County planners maintained that the CDU indicated the use of the land had changed from agricultural to primarily residential, but is still listed on the county tax rolls as the former, planner Suzanne Wolff said.

Planning consultant Alan Richman, speaking for Snook, said the land has been ranched “all the way back to the homesteading era” and that most of the property, except for roughly four acres containing the building sites, is still used to grow hay.

Snook said he has been expanding his herd of Icelandic horses, which he said cannot be ridden or marketed until they reach five years of age. They typically sell for between $25,000 to $200,000 apiece, he said.

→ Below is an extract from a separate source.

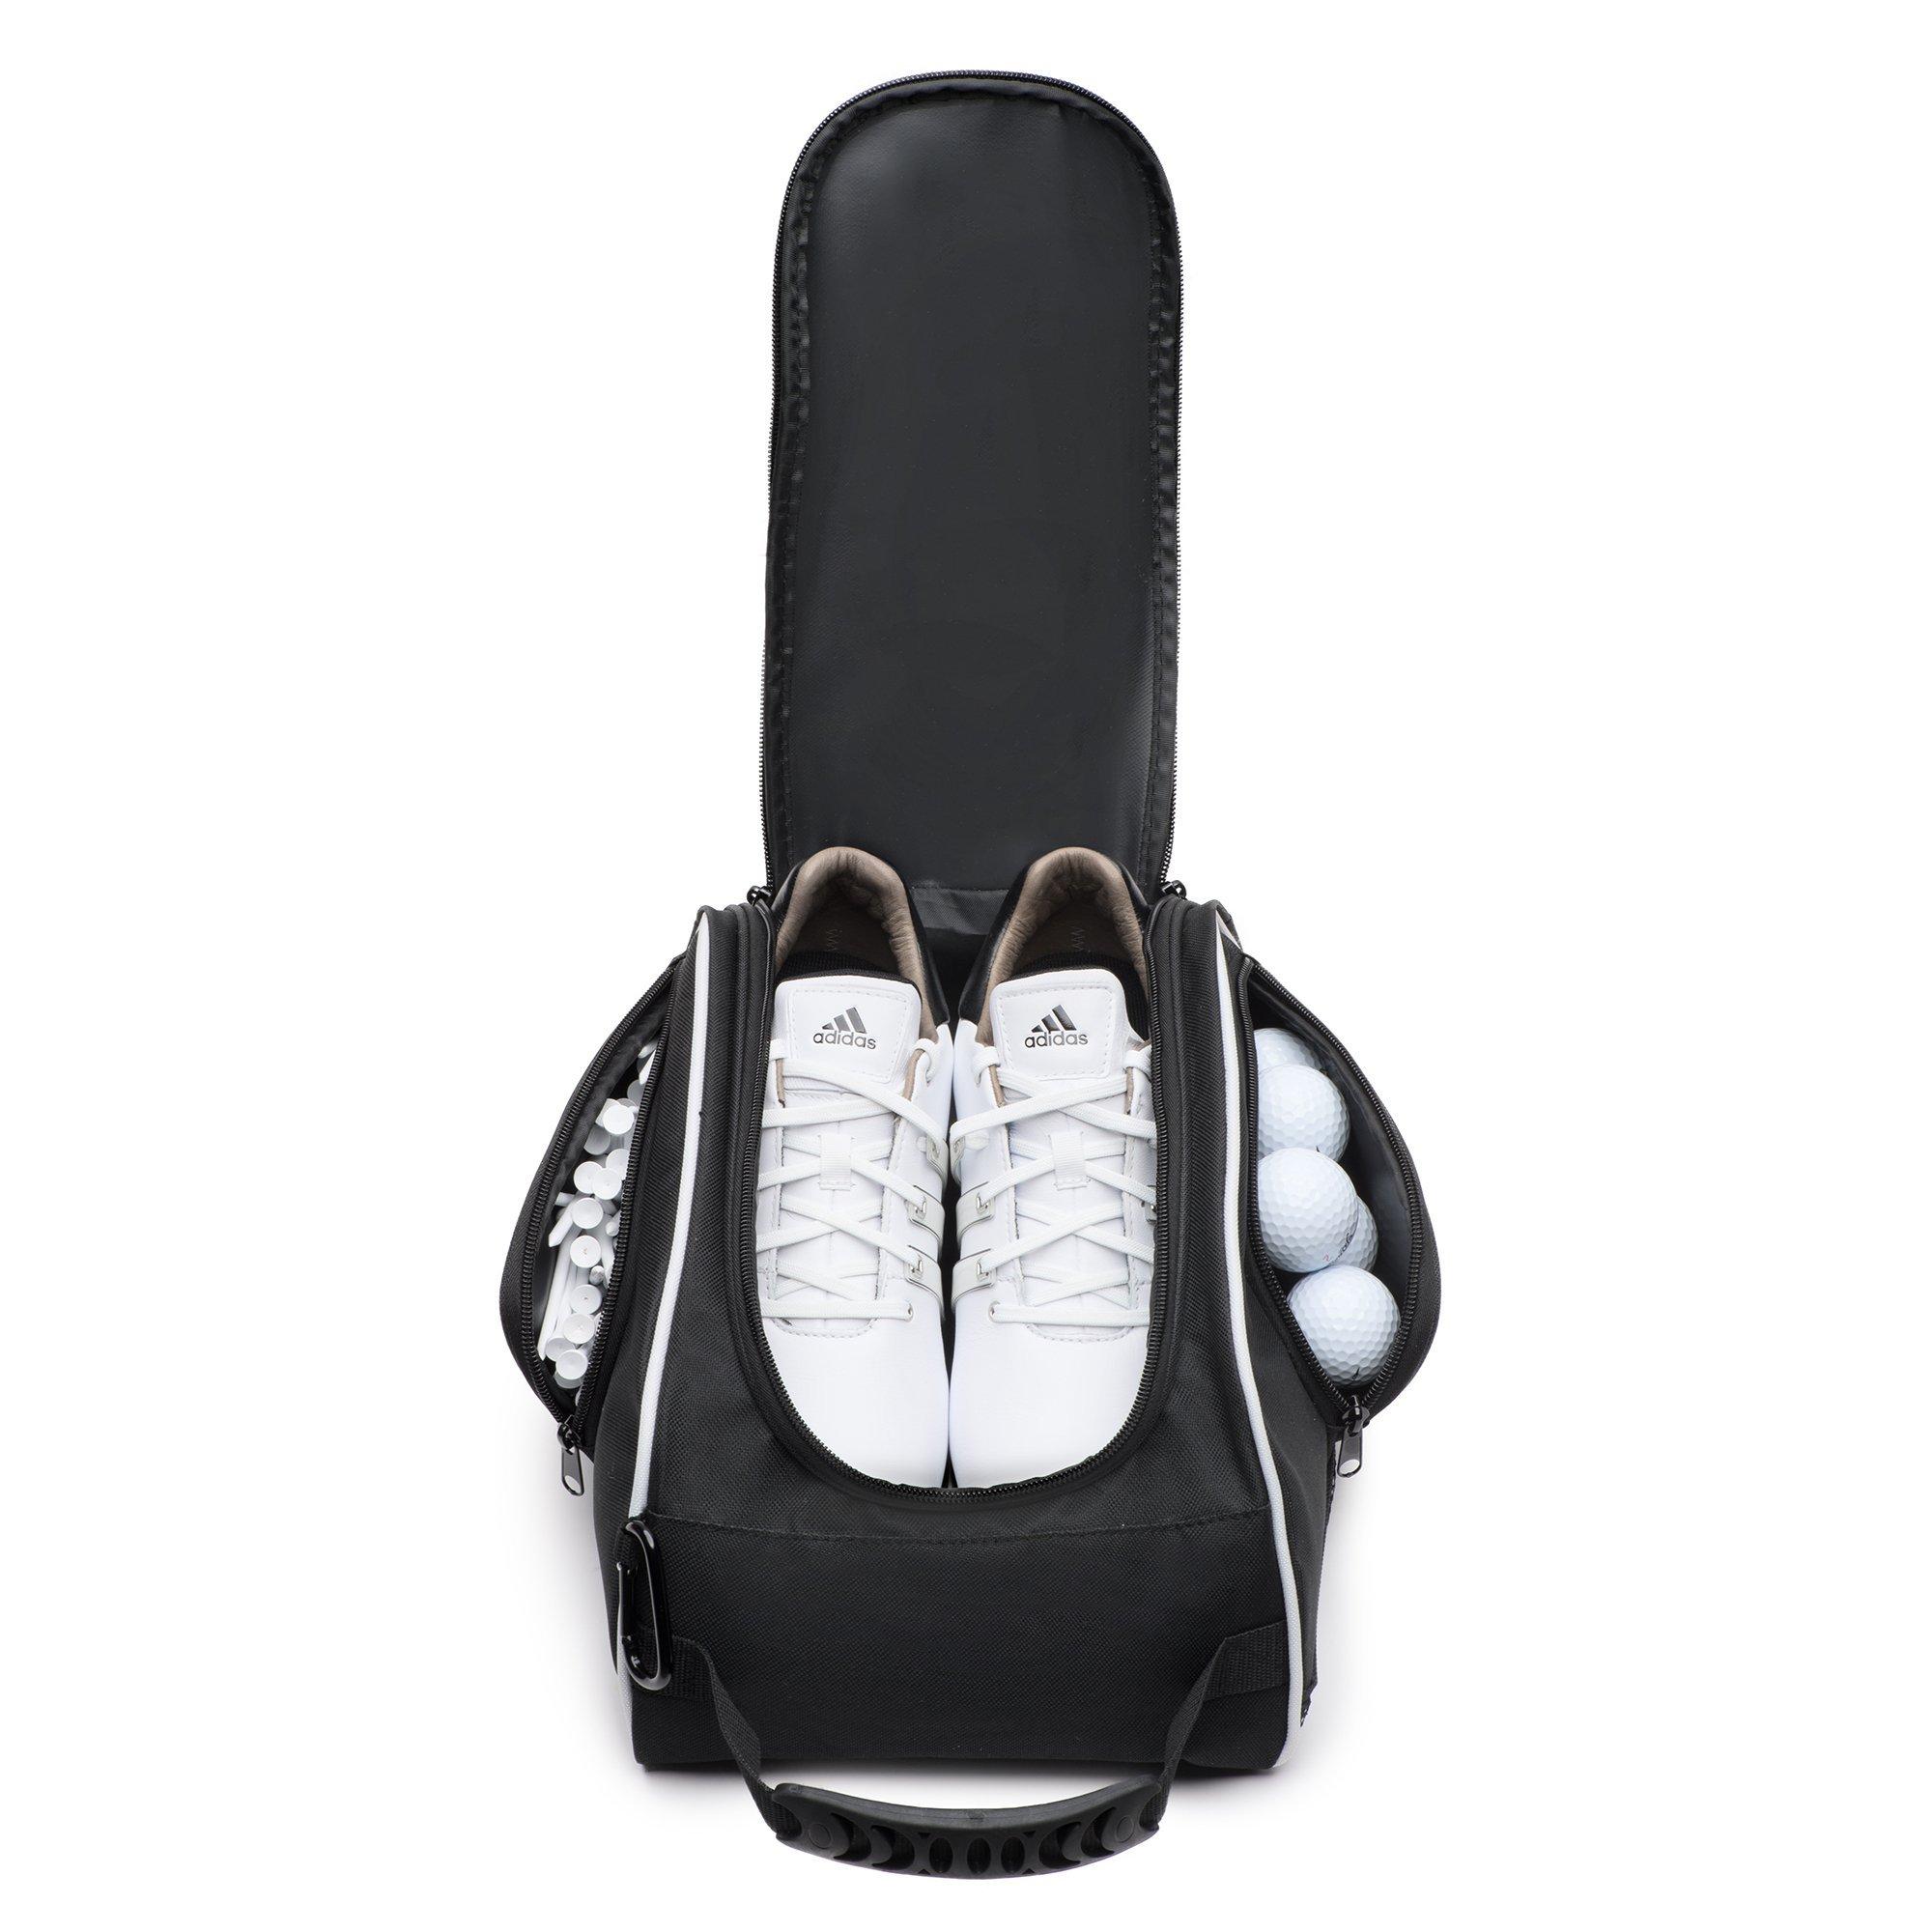 DesignWorks Golf Shoe Bag Tote for Men and Women, Hanging Clip and Large Zippered Side-Pockets, includes Golf Accessories Bonus by DesignWorks (Image #3)

“The only reason this condition is being imposed is to provide a basis for the county assessor to withdraw the agricultural status of this parcel,” Richman said in the hearing before True. “My client does not believe that the county has the authority to determine tax status, as a condition of land-use approval.”

True disagreed, saying the county does have the authority to regulate commercial uses on a rural property, but ruled against requiring Snook to sign the covenant, apparently unconvinced that the addition of the CDU by itself represented a fundamental change in how the land was to be used. Cindy Houben, director of the county’s community development department, appealed the decision to the county commissioners, asking the commissioners to overturn True’s ruling and impose the covenant.

The commissioners did find that True committed an error in not acting to ensure the land remained an agricultural use by imposing the covenant.

Instead, the commissioners convinced Snook to accept a provision that the resident of the CDU will “primarily support the agricultural use of the property.”

Beyond Snook’s land, however, the commissioners agreed to host a work session with as many of the attorneys in the audience and landowners as possible to talk about the larger issues involved.

John Clark, a landowner in the Old Snowmass region, said he came to the hearing because he was worried the new covenant indicates that the county now “encourages people to cease commercial agricultural operations on their land.”

Another landowner, Chris Collins, also of Old Snowmass, said he has 800 acres on which he is developing a 15-acre cluster of homes but leaving the remainder as a ranch, with 300 cattle and a large hay crop.

The commissioners vehemently denied any intention to undermine agricultural uses in the county and said they are trying to do the opposite ” encourage the preservation of the county’s rural, agricultural history.

The goal, Commissioner Dorothea Farris said, “is to promote agricultural operations that are truly agricultural operations.”

And Richards, replying to an accusation from attorney Herb Klein, said the county’s goal is not “to keep the tax rolls as high as possible in Pitkin County; it is to keep them as fair as possible.”

No date was set for the work session, and county staffers were instructed to come up with some ideas about how to go about holding such a discussion.